January 8, 2010

From Conquest to Bloodbath


“First the foreign troops entered the guest room and shot two of them. Then they entered another room and handcuffed the seven students. Then they killed them…"

By Adel – PeaceMaker
January 8, 2010

When the additional troops President Obama sent (21,000 troops in March and 30,000 more in December) to Afghanistan, the USA would end up with one achievement, and that is more civilian casualties.

On December 29th, the United Nations Assistance Mission in Afghanistan (UNAMA) released figures indicating that Afghan civilian deaths had risen by 10% in the first ten months of 2009, from 1,838 during the same period a year earlier to 2,038.

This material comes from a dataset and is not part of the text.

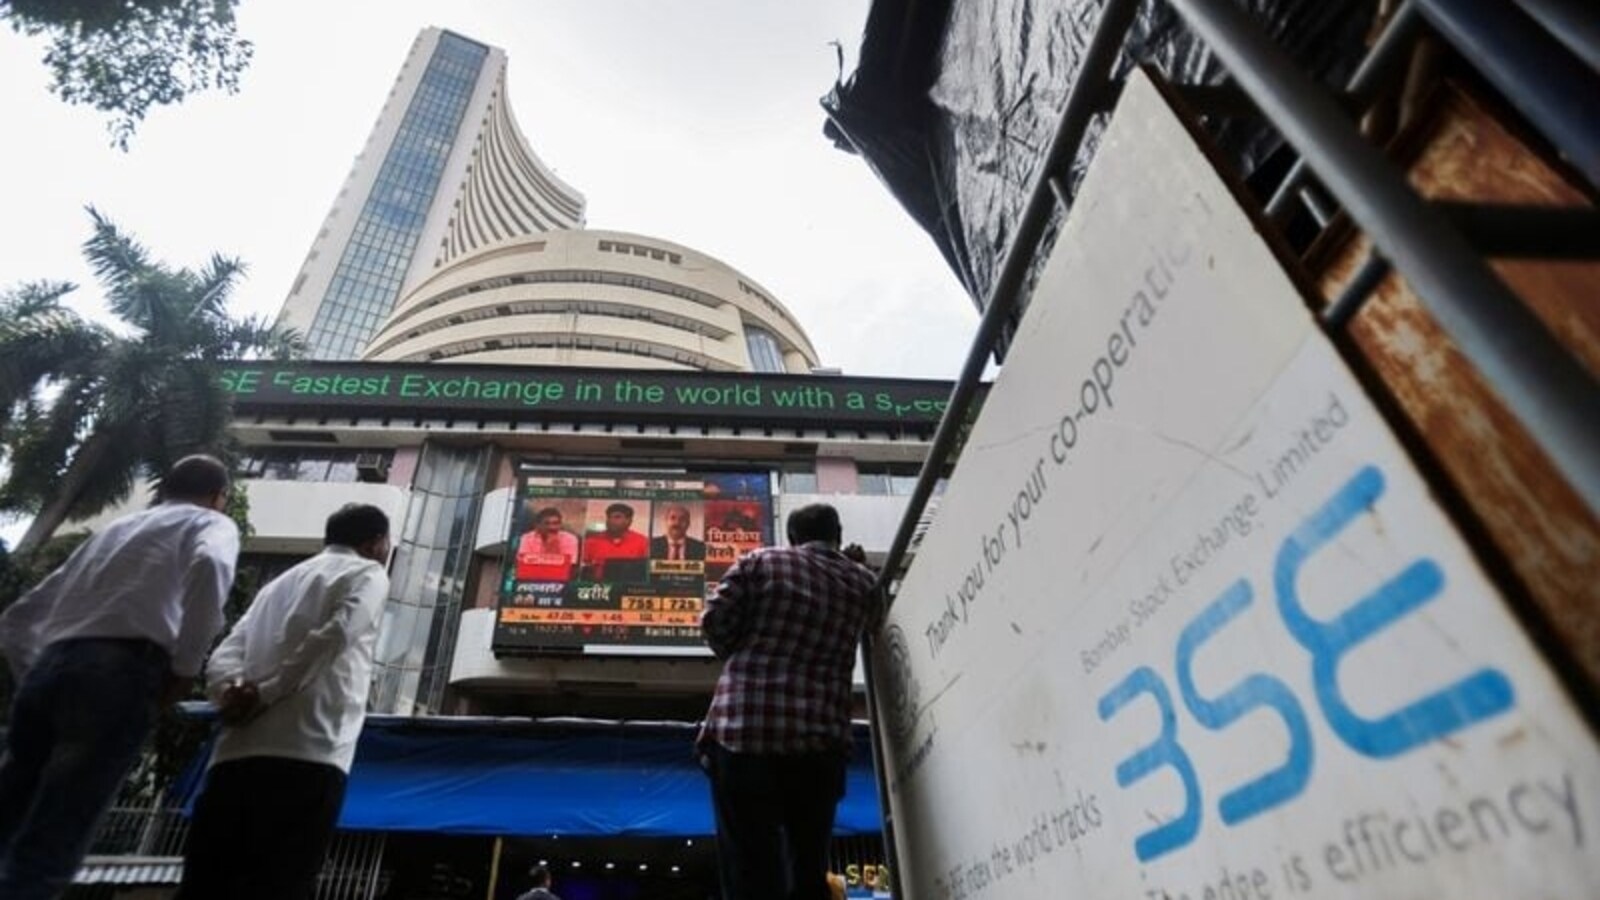 Sensex gains 180 points, at 54,453 in early trade; Nifty above 16,210

On the same day the UNAMA report was made public, a U.S. air assault killed four Afghans in the northern province of Baghlan. A father and his three sons were among the casualties. The raid also wounded eight other innocent civilians.

The following day a NATO missile strike killed five to seven Afghan civilians in Helmand province, including three children. Later a spokesman for the governor of the province confirmed that seven innocent civilians had been killed and wounded.

Far more atrocious news broke the same day, December 30th, according to the next day's edition of The Times of London, "American-led troops were accused...of dragging innocent children from their beds and shooting them during a night raid that left ten people dead" in Kunar province near the Pakistani border. The victims were innocent children between the ages of 11 and 17.

A statement was later issued on the official website of the Afghan president that said in part: "That a unit of international forces descended from a plane Sunday night into Ghazi Khan village in Narang district of the eastern province of Kunar and took ten people from three homes, eight of them school students in grades six, nine and ten, one of them a guest, the rest from the same family, and shot them dead."

In a telephone interview, the slain students' headmaster (of the local school), described the details of President Obama's and top U.S. and NATO military commander Stanley McChrystal's new special operations-led counterinsurgency approach as it was applied to his pupils:

“Seven students were in one room," said Rahman Jan Ehsas. “A student and one guest were in another room, a guest room, and a farmer was asleep with his wife in a third building."

“First the foreign troops entered the guest room and shot two of them. Then they entered another room and handcuffed the seven students. Then they killed them. Abdul Khaliq (the farmer) heard shooting and came outside. When they saw him they shot him as well. He was outside. That’s why his wife wasn’t killed.”

NATO's International Security Assistance Force (ISAF) attempted to evade responsibility for the murders by claiming "the raid was a joint operation and it was still under investigation," which was quickly exposed when Afghan Defense Ministry spokesman Zaher Azimy said, "Afghan troops had not taken part."

These raids which result in carnage follow a pattern that has become sadly familiar in Afghanistan over recent years. As is often the case, international forces insisted militants were killed, but the victims end up being civilians.

With the increase of U.S. and other NATO nations' troops to over 150,000 in the near future, the killing of Afghan civilians will grow exponentially.

On the other side of the border, Washington's and NATO's proclaimed Afghanistan and Pakistan (Af-Pak) war is no less murderous.

The Dawn Media Group, reported that Afghanistan-based US drones killed 708 people in 44 predator attacks targeting the Pakistan's North Waziristan tribal areas between January 1st and December 31st, 2009.

For each so-called-terrorist killed by US drones, 140 innocent Pakistanis also had to die. Over 90% of those killed in missile strikes were civilians – On average, 58 civilians were killed in these attacks every month, 12% every week and almost two people every day.

The U.S. launched deadly drone missile attacks in Pakistan's North Waziristan on both ends of the New Year. On December 31st "Five people were killed and at least two more injured" and on January 1st  "A US pilotless aircraft fired a missile into Pakistan's North Waziristan tribal district" and "the attack destroyed a car and killed three people."

In the second case a regional security official was quoted by Reuters as stating "The bodies were burned beyond recognition. We are trying to determine their identity."

On January 3rd five more people were killed in the same part of the Federally Administered Tribal Areas by American drone attacks. However much the U.S., NATO and the Western media attempt to sanitize these killings, the Pakistani government figure - that over 99 percent of the victims are civilians - is a damning indictment of what can only be characterized as wanton war crimes.

Over eight years of bombing villages, conducting deadly raids against civilian, and extending the war into Pakistan have produced nothing but death and destruction. Afghan and Pakistani civilian’s deaths have climbed equally. They will rise even more in 2010 as the war, in its 10th year, is broadened further and intensified.